What Works to Close the Gap
Food fortification, adding nutrients to staple foods like flour, salt, or cooking oil during manufacturing, is the most effective large-scale strategy. Population-wide fortification programs have been associated with a 34% reduction in anemia, a 74% reduction in goiter (the hallmark of iodine deficiency), and a 41% reduction in neural tube defects. In one well-documented program, iron deficiency in children dropped from 27% to 7%, and anemia fell from 19% to 4%.
For individuals, the practical takeaway depends on your risk profile. If you menstruate, are pregnant, eat a largely plant-based diet, or live in a region where fortification programs are limited, your risk of iron deficiency is elevated. Pairing iron-rich foods with vitamin C significantly improves absorption, while avoiding tea or coffee with meals can help. For vitamin D, regular sun exposure or supplementation is often the only reliable approach, since very few foods contain meaningful amounts. Zinc is best obtained from meat, shellfish, legumes, and seeds.

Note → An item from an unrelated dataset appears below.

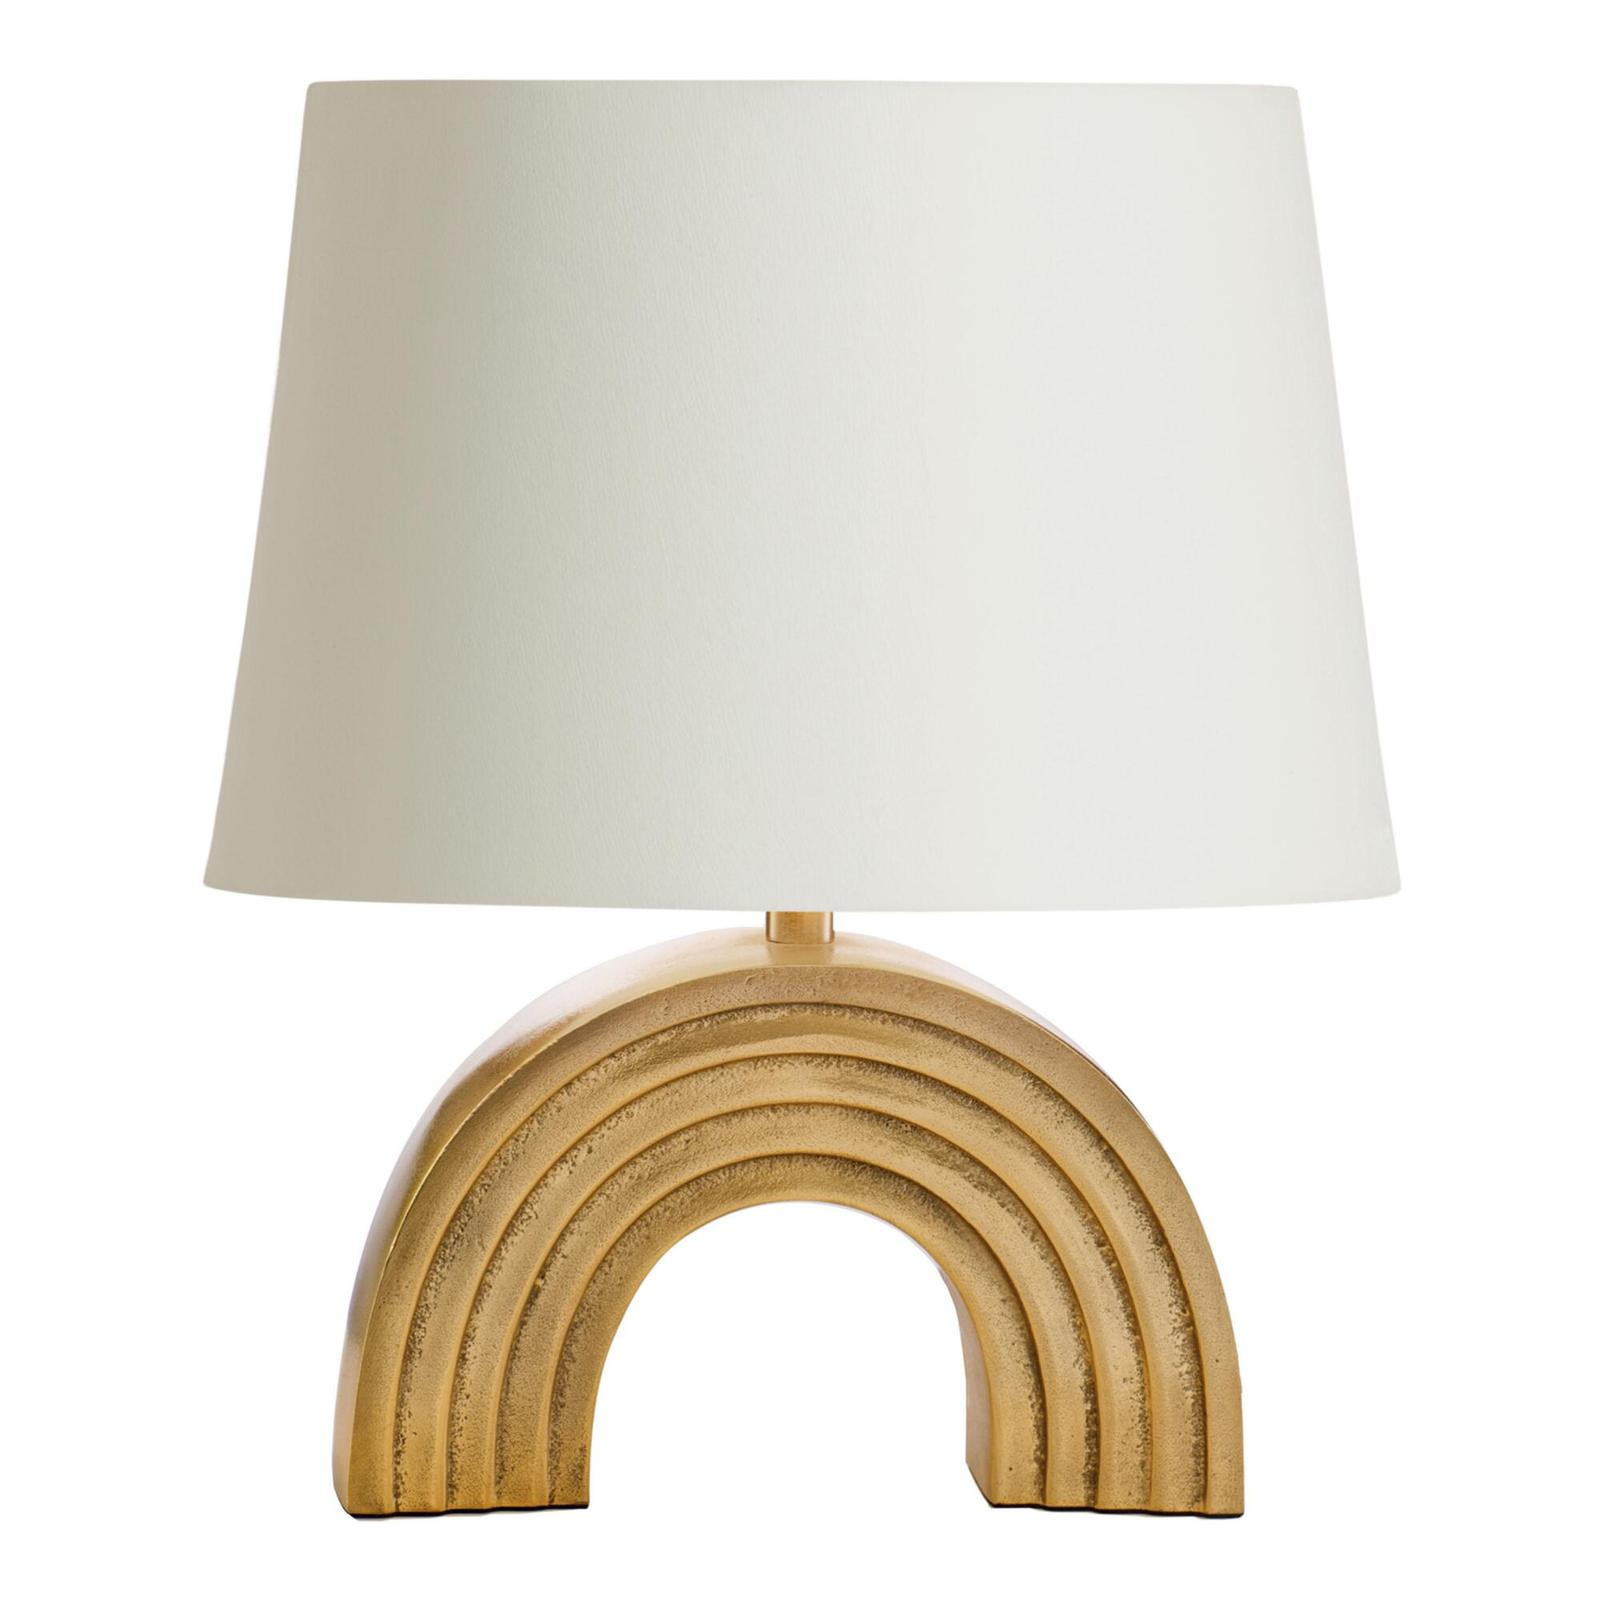 Stylish Gold Rainbow Lamp

More than one in two young children worldwide are deficient in iron, zinc, or vitamin A, and the deficiencies frequently overlap. A child who lacks one micronutrient often lacks several, compounding the damage to growth, immunity, and cognitive development in ways that a single supplement cannot fully address. This is why public health strategies increasingly focus on dietary diversity and multi-nutrient fortification rather than targeting one deficiency at a time.